Load balancer as a service (service owner)¶
The canonical real-life NetOrca deployment, taken from F5 DevCentral's public
bigip-automation level 6
demo: a BIG-IP team offers LOAD_BALANCER as a self-service product. Consumer teams declare
the load balancers they need (from Git or the GUI), NetOrca turns declarations into change
instances, and the BIG-IP team's scheduled Ansible playbooks validate, deploy and report -
no tickets, no email, full audit trail.
This page is that demo's service-owner automation, rebuilt on the v2 modules. The original repositories (service definition, fulfilment automation) used the v1 collection; what changed is summarised at the end. The consumer half of the story is told in Consumer GitOps.
sequenceDiagram
participant C as Consumer (Git repo)
participant N as NetOrca
participant V as validate playbook (scheduled)
participant D as deploy playbook (scheduled)
participant F as BIG-IP
C->>N: declaration merged & submitted
N->>N: change instance created (PENDING)
V->>N: poll PENDING
V->>N: APPROVED (or REJECTED + reason)
D->>N: poll APPROVED
D->>F: render AS3 from declarations, deploy
D->>N: COMPLETED + deployed_item (or ERROR + log)
N-->>C: request shows COMPLETED, deployed state visible
The service¶
The BIG-IP team publishes LOAD_BALANCER as a JSON Schema (name, partition, type, virtual
server, members - with validation baked in). A consumer's declaration of one instance looks
like this:
application1:
services:
LOAD_BALANCER:
- name: load_balancer1
partition: prod
location: dmz
type: http
virtual_server:
ip: 10.1.10.152
port: 80
members:
- ip: 10.1.20.21
port: 30880
NetOrca compares each submission against the previous state and raises change instances:
CREATE for new entries, MODIFY for edited ones, DELETE for removed ones. Those change
instances are the service owner's work queue, and the whole operating model is two scheduled
playbooks against that queue.
Stage 1 - validate and approve¶
Runs frequently (every few minutes). Pulls PENDING changes, applies the team's checks to each
declaration, approves what passes and rejects the rest with the reason in the log - the
consumer sees it immediately in their request instead of waiting for a human to notice.

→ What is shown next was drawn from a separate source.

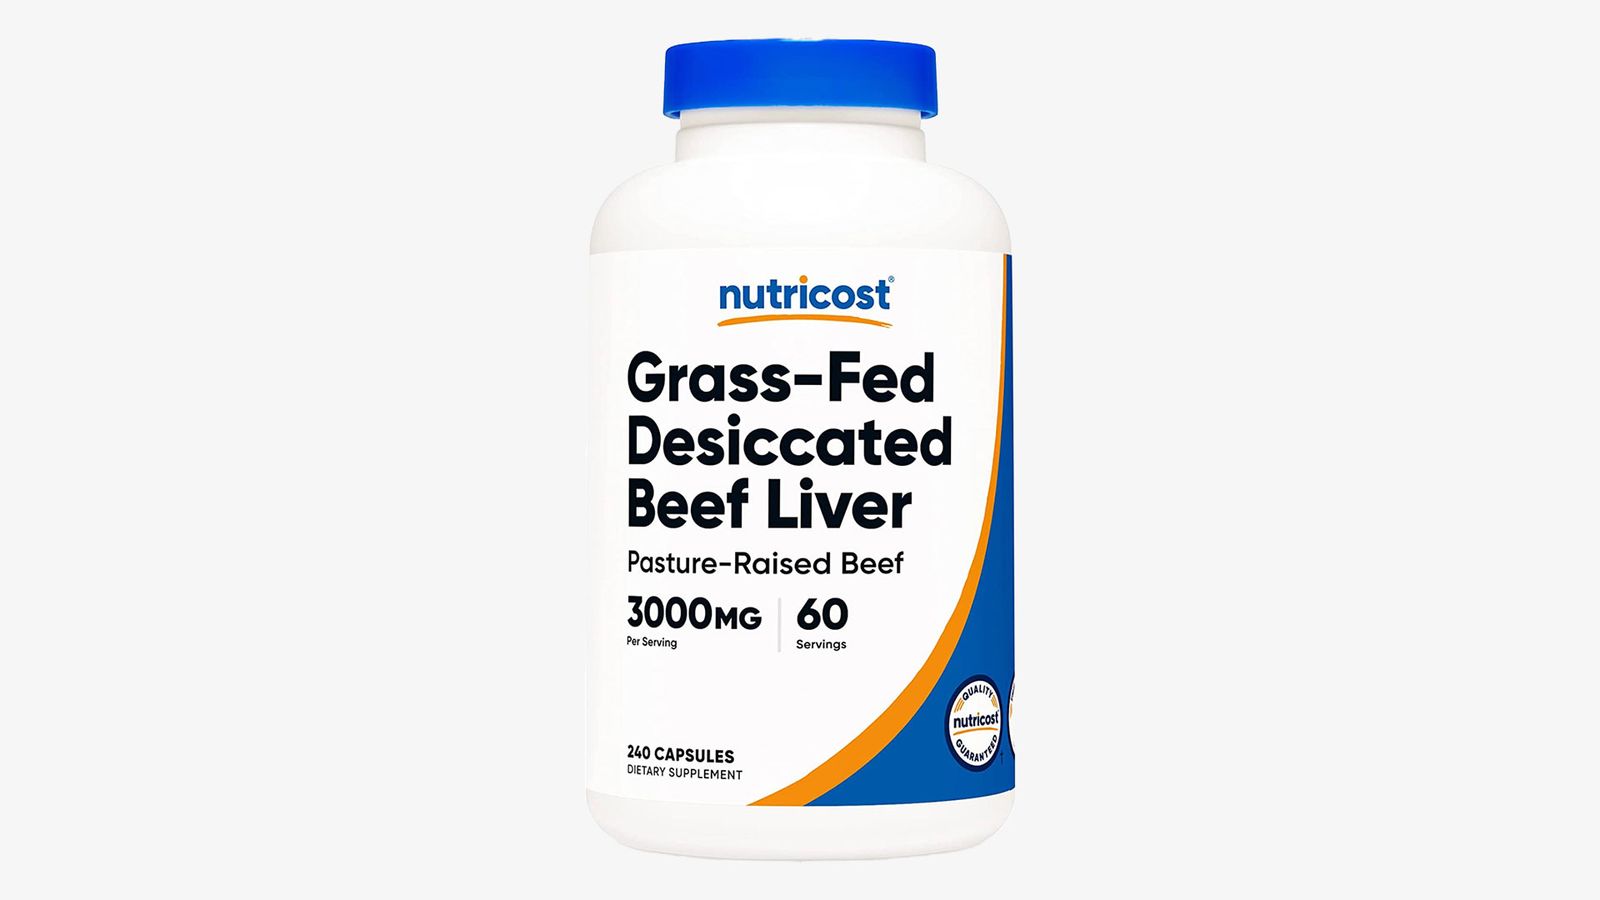 Nutricost Grass Fed Desiccated Beef Liver Capsules product image of a white container with orange and blue branding.

- name: Validate and approve pending LOAD_BALANCER changes
hosts: localhost
gather_facts: false
tasks:
- name: Poll the validation queue
netautomate.netorca.netorca_change_instance_info:
service_name: [LOAD_BALANCER]
state: [PENDING]
exclude_referenced: true
register: pending
- name: Validate each change against team policy
ansible.builtin.set_fact:
verdicts: >-
{{ (verdicts | default([])) + [{
'id': item.id,
'ok': item.change_type == 'DELETE' or (
decl.partition | default('') in ['prod', 'dev', 'sit', 'uat', 'qa']

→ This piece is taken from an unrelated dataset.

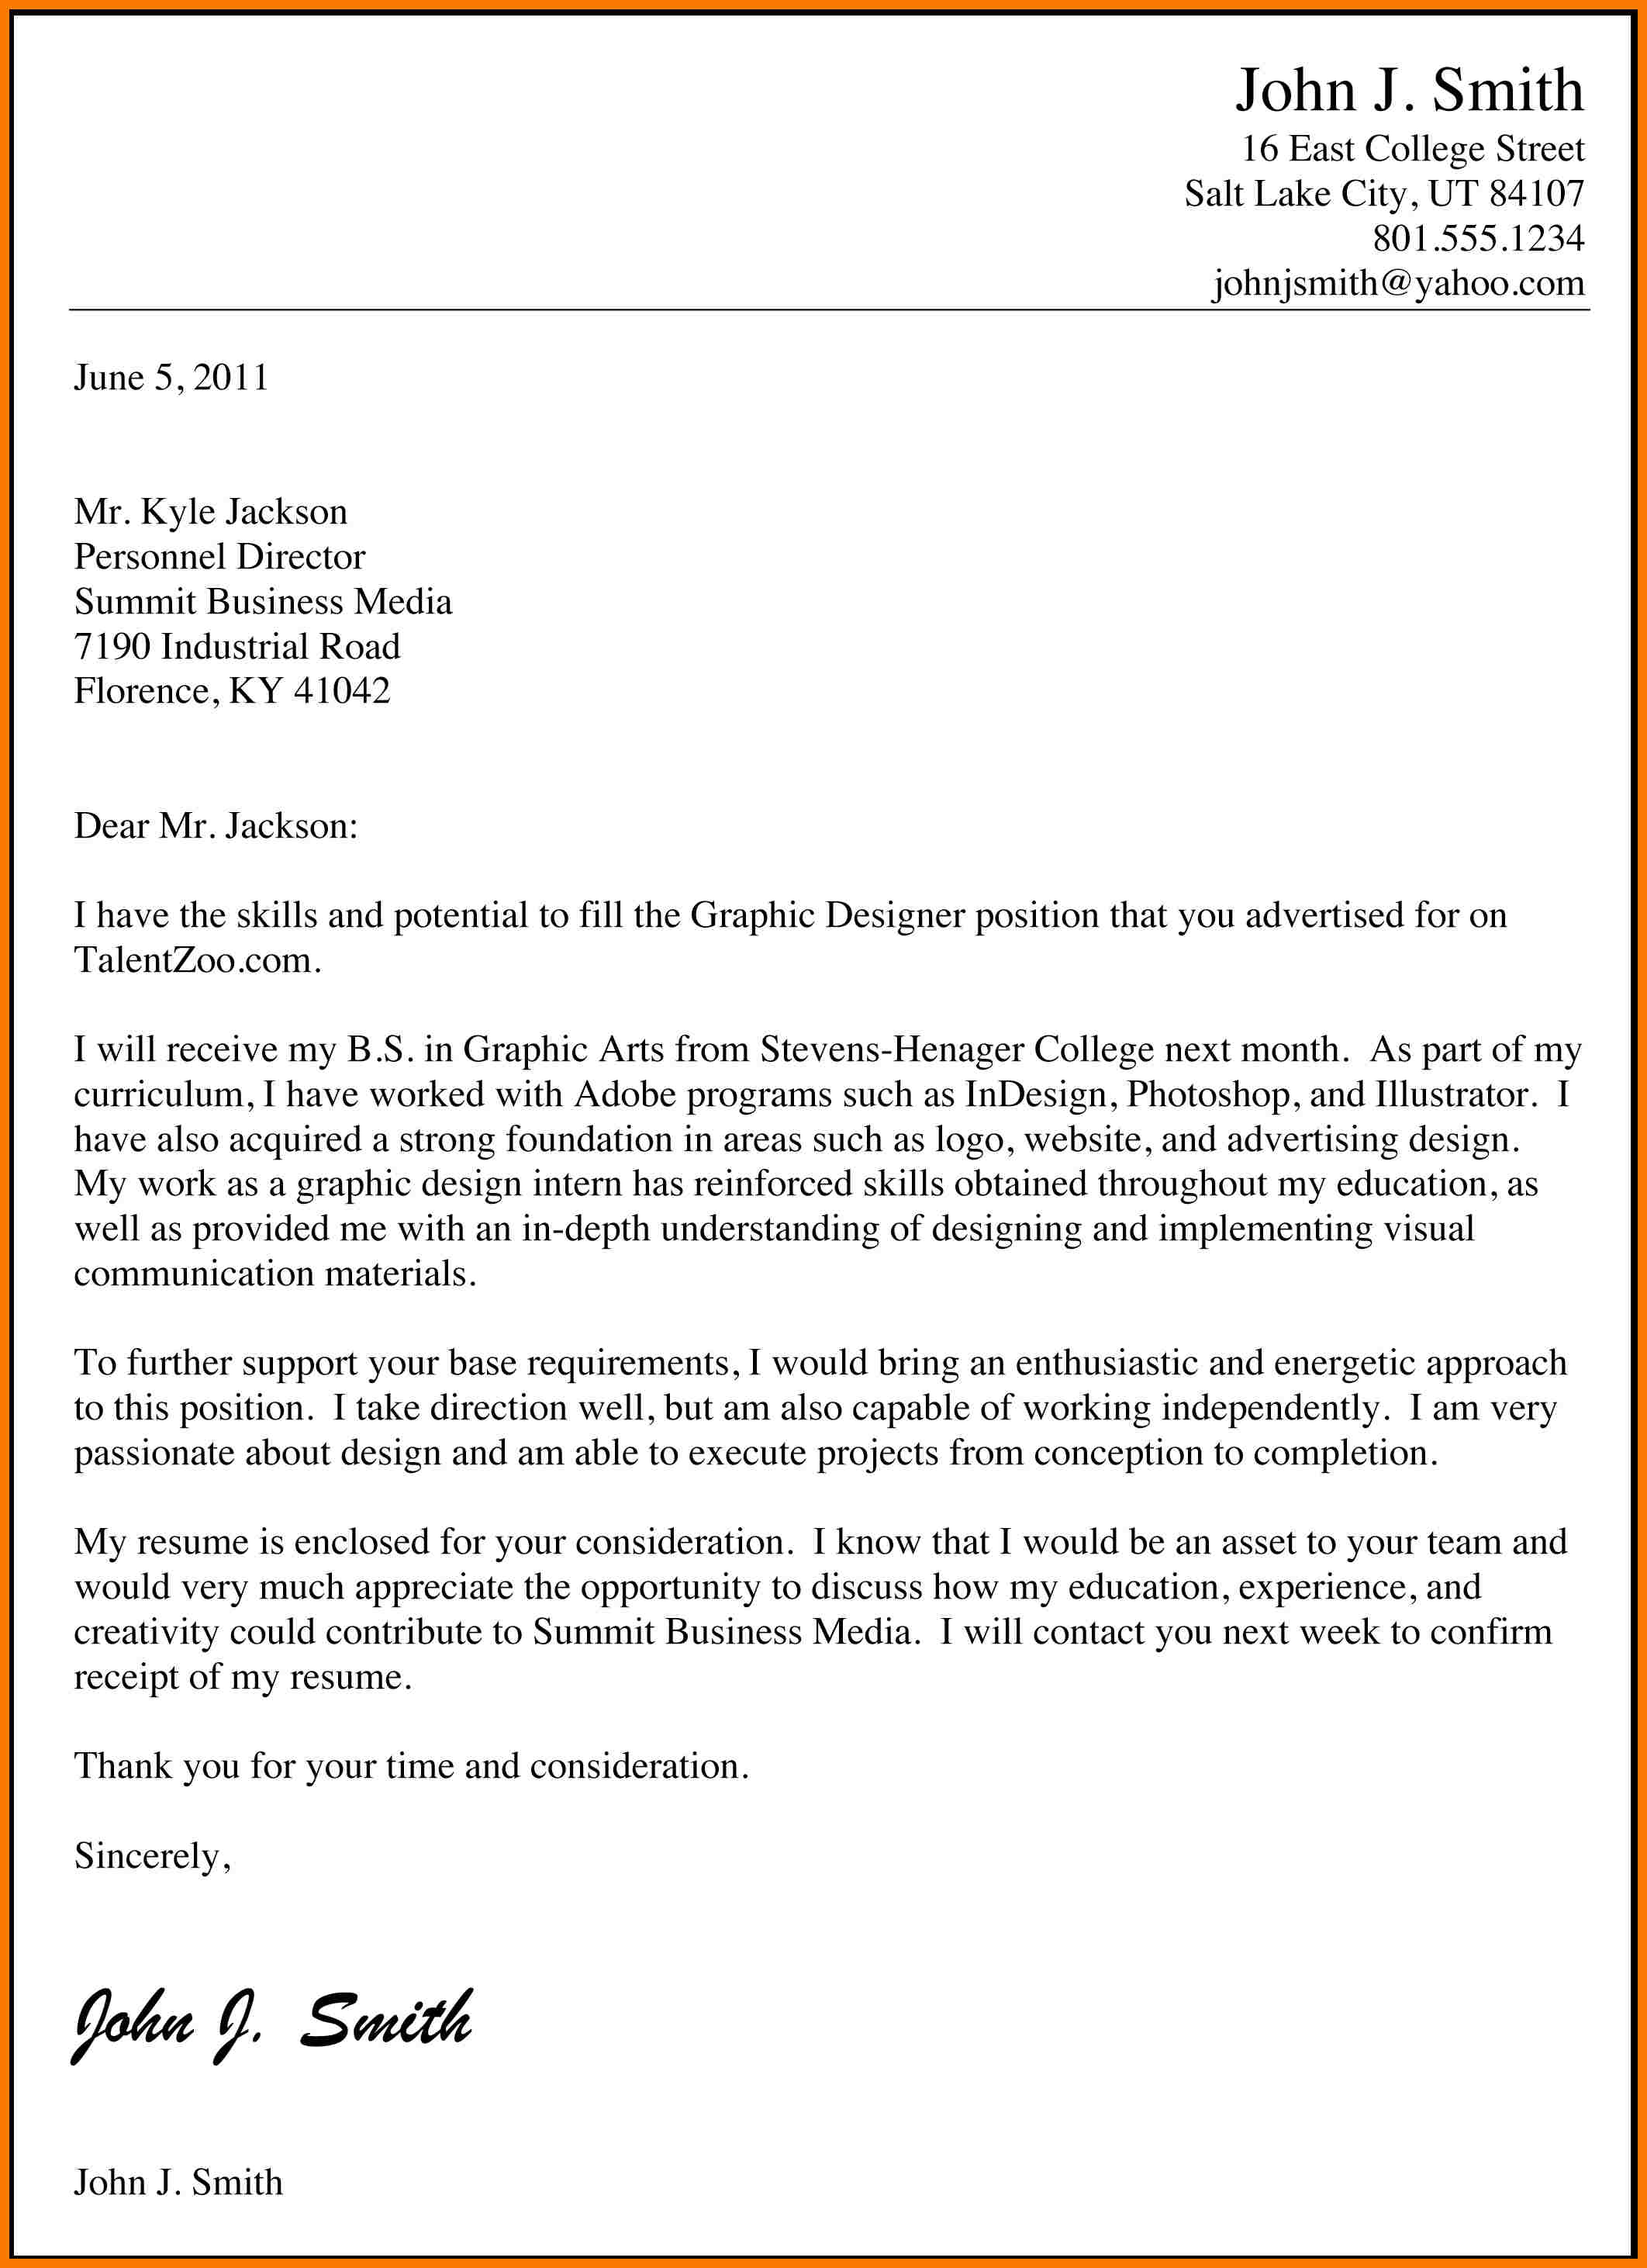 9+ Official Job Application Letter Examples PDF Examples

and (decl.virtual_server.ip | default('')) is match('10\.1\.10\.')
),
'reason': 'partition must be a known environment and the VIP must be in 10.1.10.0/24'
}] }}
vars:
decl: "{{ item.new_declaration.declaration | default({}) }}"
loop: "{{ pending.change_instances }}"
loop_control:
label: "#{{ item.id }} ({{ item.change_type }})"
- name: Approve the valid changes
netautomate.netorca.netorca_change_instance:
id: "{{ item.id }}"
state: APPROVED
log: "approved by automated validation"
loop: "{{ verdicts | default([]) | selectattr('ok') | list }}"
loop_control:
label: "#{{ item.id }}"
- name: Reject the rest, telling the consumer why
netautomate.netorca.netorca_change_instance:
id: "{{ item.id }}"
state: REJECTED
log: "rejected by automated validation: {{ item.reason }}"
loop: "{{ verdicts | default([]) | rejectattr('ok') | list }}"
loop_control:
label: "#{{ item.id }}"
The checks here (allowed partitions, VIP range) are placeholders for whatever your team polices:
IPAM lookups, naming standards, conflict detection against the existing estate
(declaration-content search makes that easy - see
Filtering). A runnable,
service-agnostic version of this playbook ships in the repo:
examples/scenarios/load_balancer/validate_and_approve.yml.
GUI approvals vs API approvals
Transitions performed through the API - what these playbooks do - are always available to the
service owner team's key. The service's allow_manual_approval / allow_manual_completion
flags govern only whether humans may approve/complete from the GUI. A 403 here means the
key's team or context is wrong, not a missing flag.
Stage 2 - deploy and complete¶
Runs on its own schedule. This is the declarative pattern from the original demo: rather than applying changes one by one, render the entire desired state of the BIG-IP tenant from the in-service declarations and push it as one AS3 call - then report every change in the batch. Deletions fall out naturally: an item being deleted is simply left out of the render.
- name: Deploy approved LOAD_BALANCER changes to BIG-IP
hosts: localhost
gather_facts: false
vars:
tenant: level6_netorca_tenant
tasks:
- name: Approved changes waiting for deployment
netautomate.netorca.netorca_change_instance_info:
service_name: [LOAD_BALANCER]
state: [APPROVED]
exclude_referenced: true
register: work
- name: Nothing approved - end the run
ansible.builtin.meta: end_play
when: work.count == 0
- name: The desired state - every in-service declaration
netautomate.netorca.netorca_service_item_info:
service_name: [LOAD_BALANCER]
runtime_state: [IN_SERVICE]
register: estate
- name: Items whose DELETE is in this batch drop out of the render
ansible.builtin.set_fact:
deleting_ids: >-
{{ work.change_instances | selectattr('change_type', 'eq', 'DELETE')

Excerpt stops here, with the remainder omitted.